VFW Carries DOD Budget Fight to Congress

WASHINGTON — The national legislative committee of America’s oldest and largest major war veterans’ organization concluded its fall meeting here Wednesday with a direct message to all 535 members of Congress: “Finish Strong for Veterans.”

"It’s a message to Congress that the Veterans of Foreign Wars of the United States is watching, and so is the entire nation,” said VFW National Commander William A. Thien, a Vietnam veteran from Georgetown, Ind.

“The federal government’s new fiscal year begins in 11 days, but the Defense Department still doesn’t know what their FY 2014 budget will be, or if they will have to operate under the strict rules of another continuing resolution and for how long,” he explained. “DOD also faces the mandatory sequester, which more than doubles the $487 billion in savings that the department is already required to produce over the next decade. 

“This is having a perilous impact on military personnel, readiness and training, and on family Quality of Life issues,” said Thien. “And the continuing call for a one percent military pay raise, higher healthcare fees for military retirees, and changing the overall military retirement system is bringing additional stress to a military force in transition while it’s still fighting a war.”

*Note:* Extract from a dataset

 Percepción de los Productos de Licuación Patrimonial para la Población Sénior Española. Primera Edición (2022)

The VFW national commander said finding a workable solution to the budget sequestration topped the list of five critical issues that VFW legislative committee members took to their congressional delegations. “We know it has to be done now,” he said, “because 2014 is an election year, which means the attention of the entire House and a third of the Senate will be divided between doing the people’s work and getting reelected.”

The other four critical issues are protecting victims of sexual assault in the military, offering in-state tuition rates to GI Bill-eligible veterans at public colleges, keeping faith with all Tricare Prime retirees, and passing advance appropriations for all Department of Veterans Affairs programs.

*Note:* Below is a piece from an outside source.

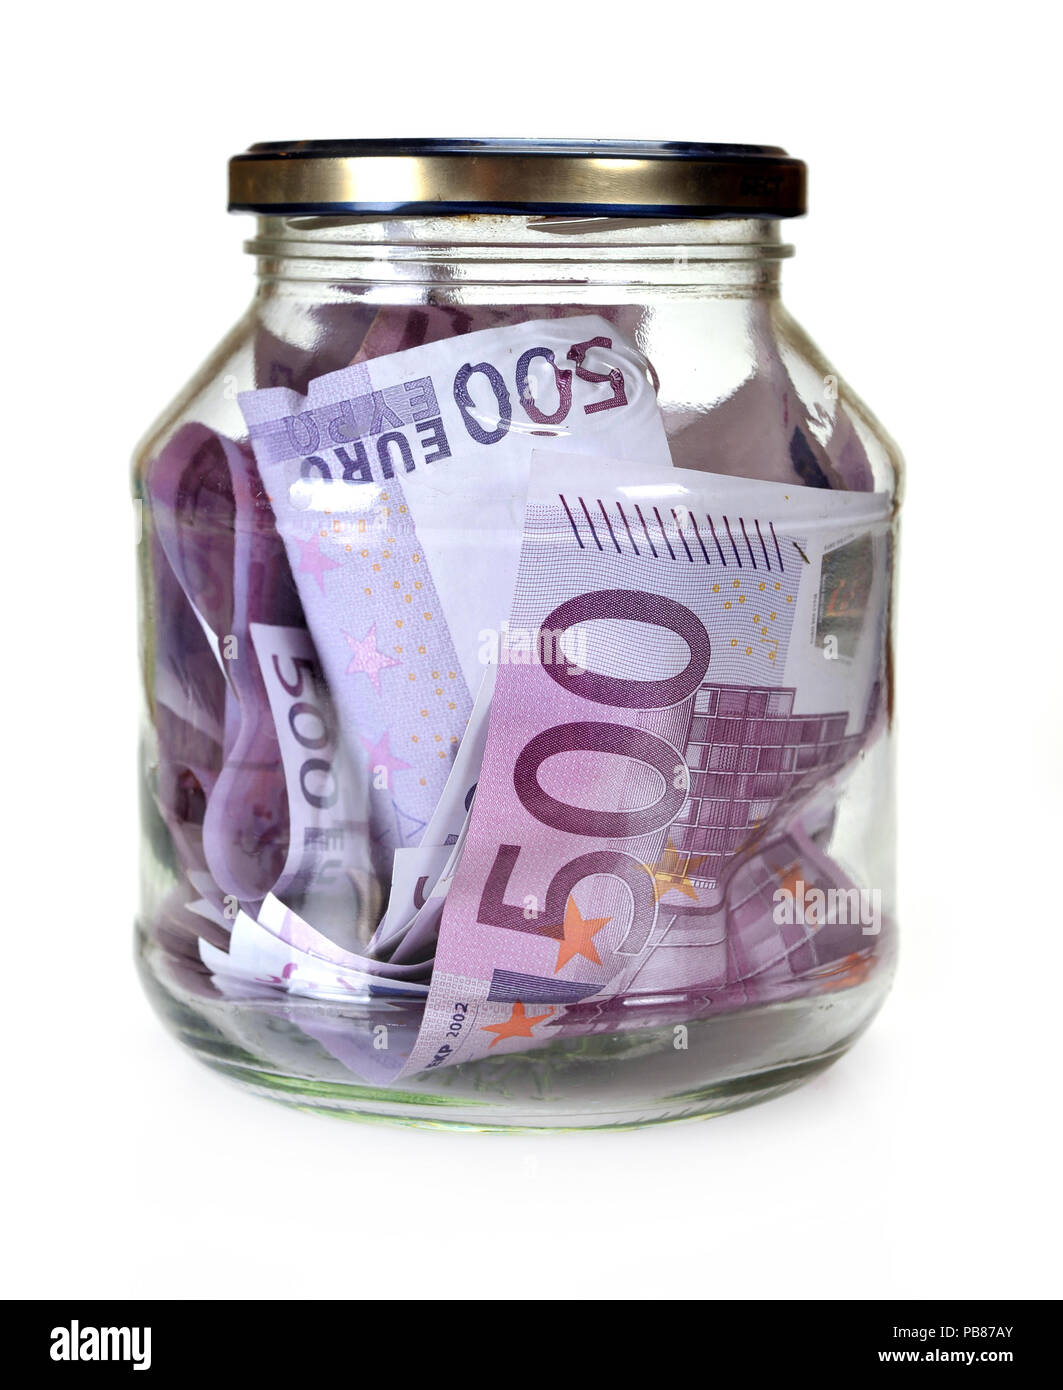 Сколько можно евро в банке. Евро в банке. Евро деньги в банке. Банка с деньгами евро. Деньги в стеклянной банке.

As the 70 legislative committee members were meeting with their members of Congress and their staffs, the VFW national commander met privately with VA Secretary Eric Shinseki, as well as with Secretary of the Army John McHugh, Vice Chief of Staff of the Army Gen. John Campbell and Sgt. Major of the Army Raymond Chandler; from the Joint Chiefs of Staff, Vice Chairman Adm. Sandy Winnefeld, and the senior enlisted advisor to the chairman, Marine Corps Sgt. Maj. Bryan Battaglia; from the Navy, Master Chief Petty Officer of the Navy Michael Stevens; and from the Air Force, the assistant vice chief of staff, Lt. Gen. Steven Hoog. 

Joining Thien Wednesday afternoon at a Defense POW/MIA Office update briefing by Deputy Assistant Secretary of Defense “Q” Winfield were VFW Senior Vice Commander-in-Chief John Stroud of Nevada, and Junior Vice Commander-in-Chief John Biedrzycki from Pennsylvania.

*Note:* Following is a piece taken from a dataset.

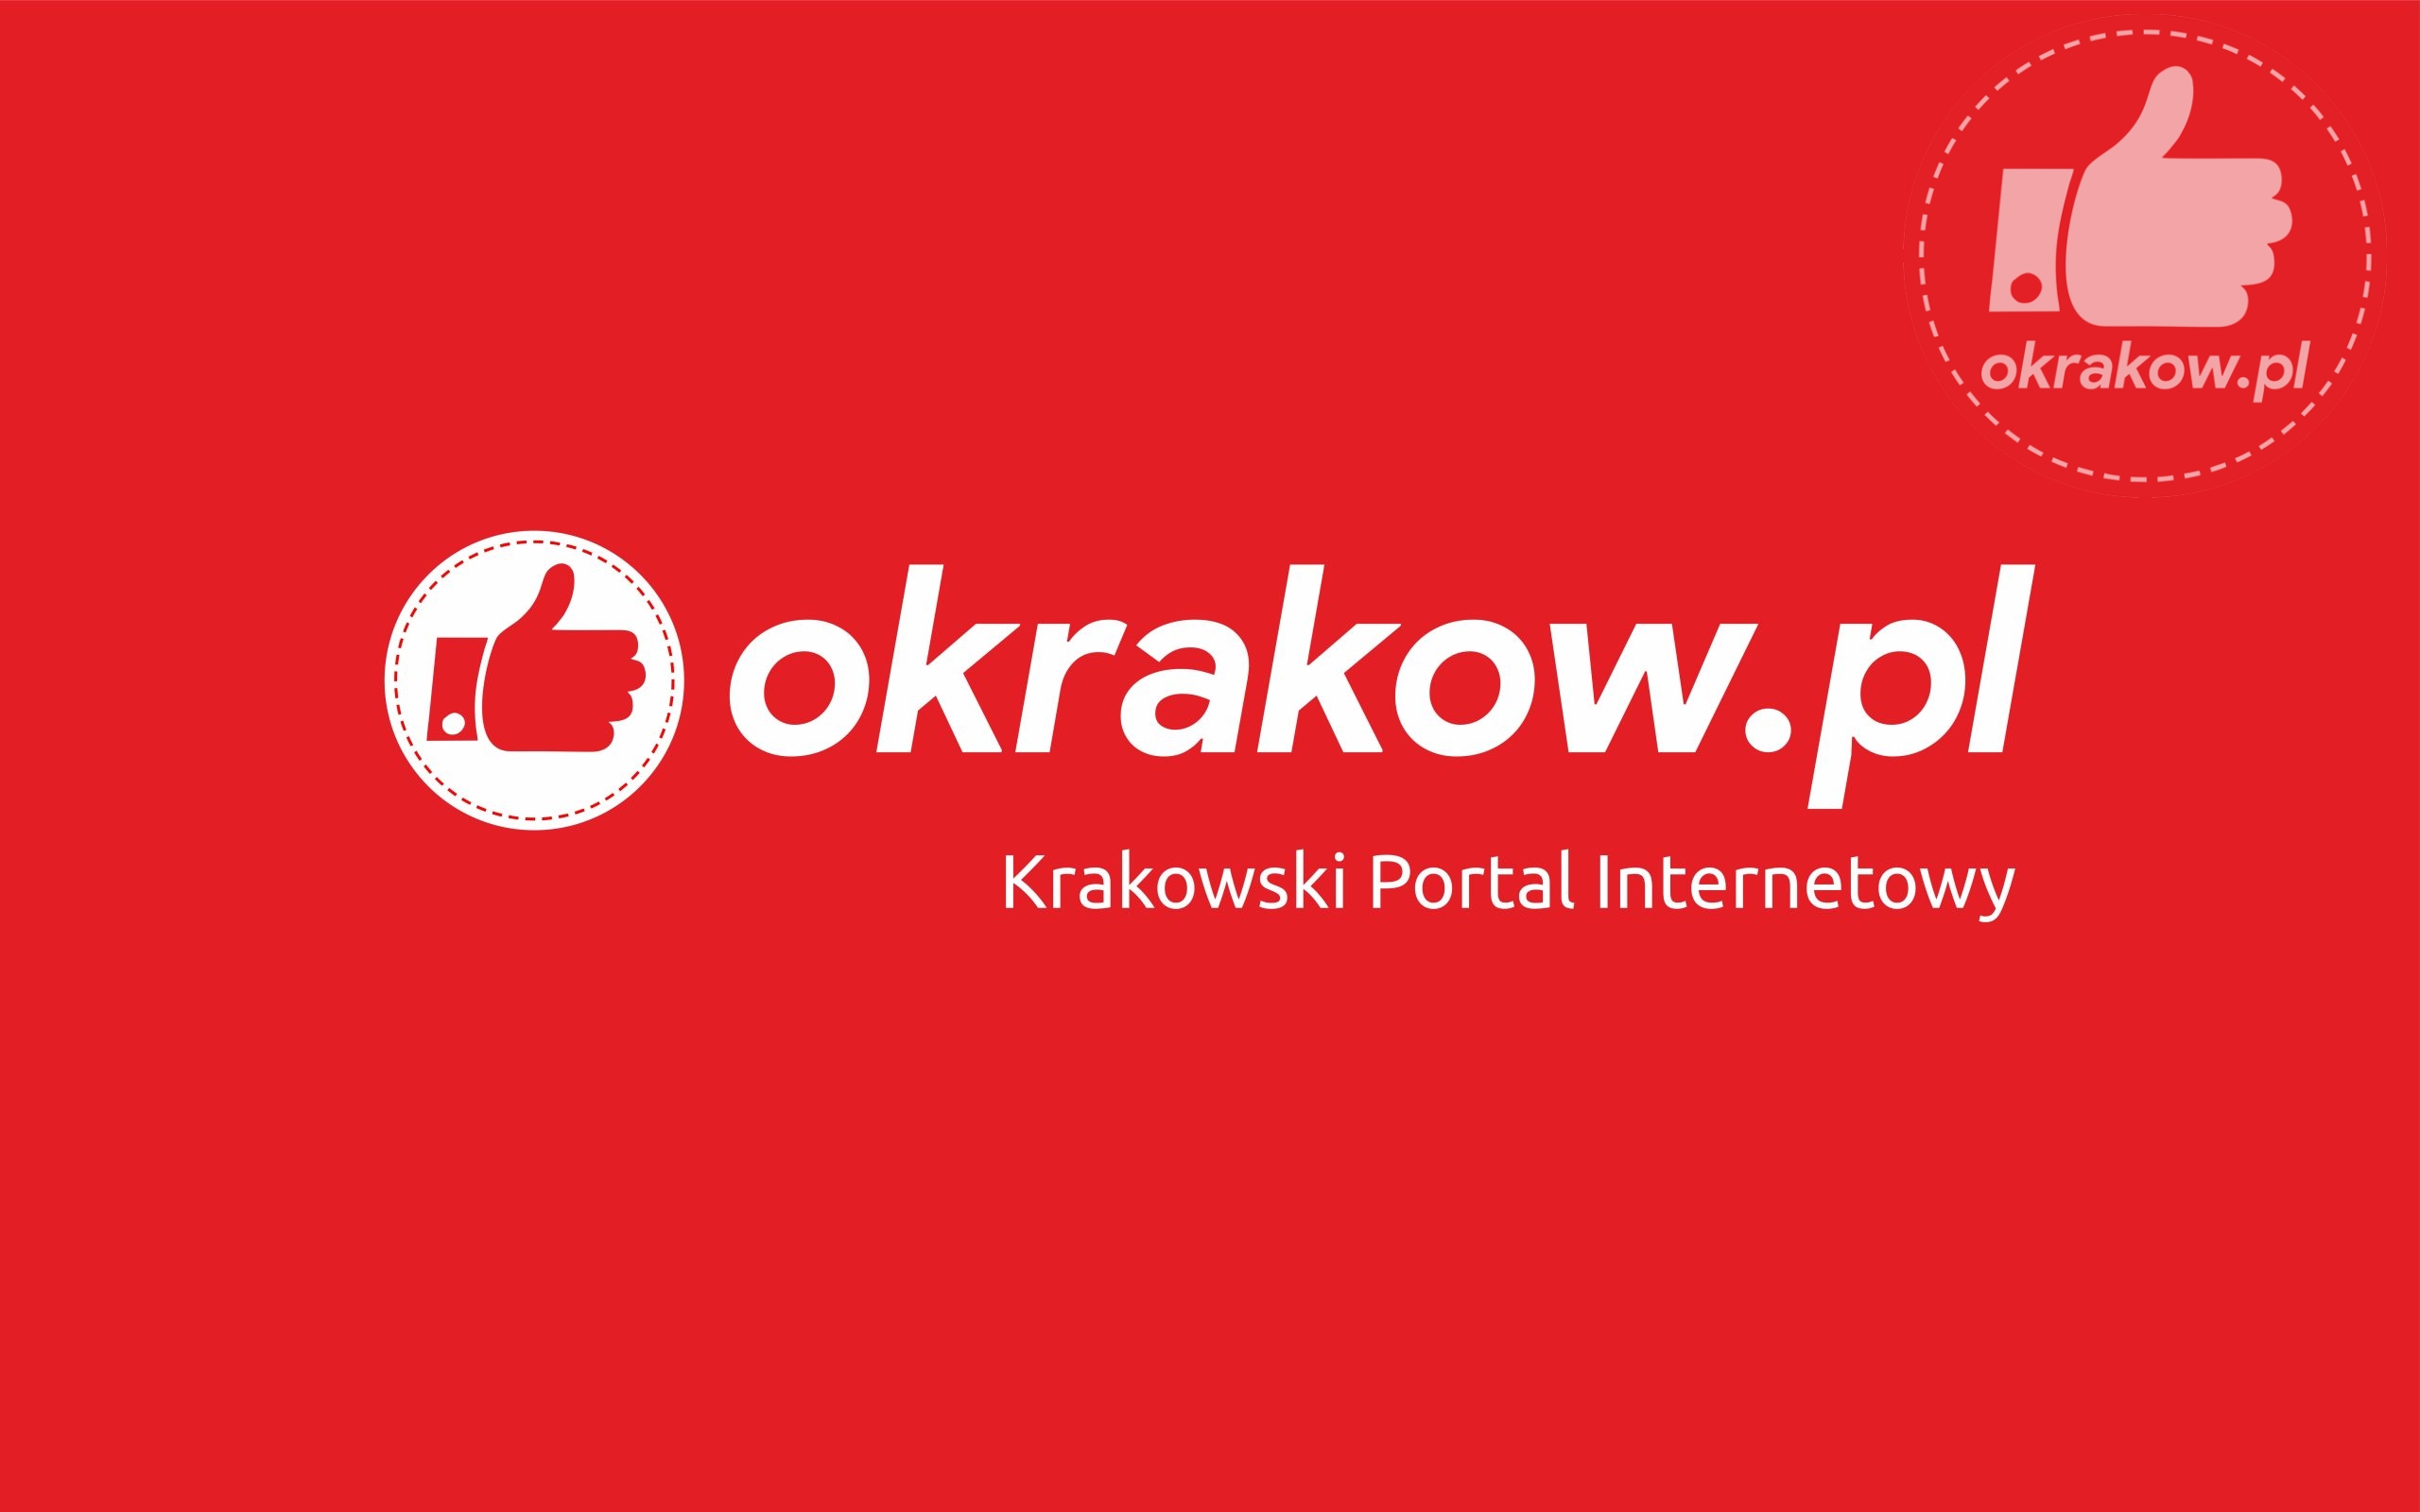 krakow scaled - Krakowski Portal Internetowy

“Every military and civilian leader expressed the same concerns about the lack of a FY 2014 defense budget and the impact the continuing sequester is causing to readiness, morale, and to overall mission accomplishment,” said Thien. “We have the world’s best military, but they can’t fight Capitol Hill, which I said was one of the primary reasons the VFW exists. We are their voice in Congress, and we will continue to let legislators know that their failure to pass a budget is having a perilous effect on a military that, despite appearances, is very worried about its ability to respond to a new contingency tasking elsewhere in our troubled world.”

The VFW national commander is now calling on all VFW members and their families to contact their local congressional offices to press their respective senators and representatives to solve the budget issues for the Department of Defense.

“Our fighting force and their families do not need or deserve these congressionally-imposed problems, not while they continue to shoulder 100 percent of a 12-year of war that has not yet ended,” he said. “Congress has a lot of work to do in a very short amount of time, and it all starts with getting rid of sequestration and passing a defense budget now.”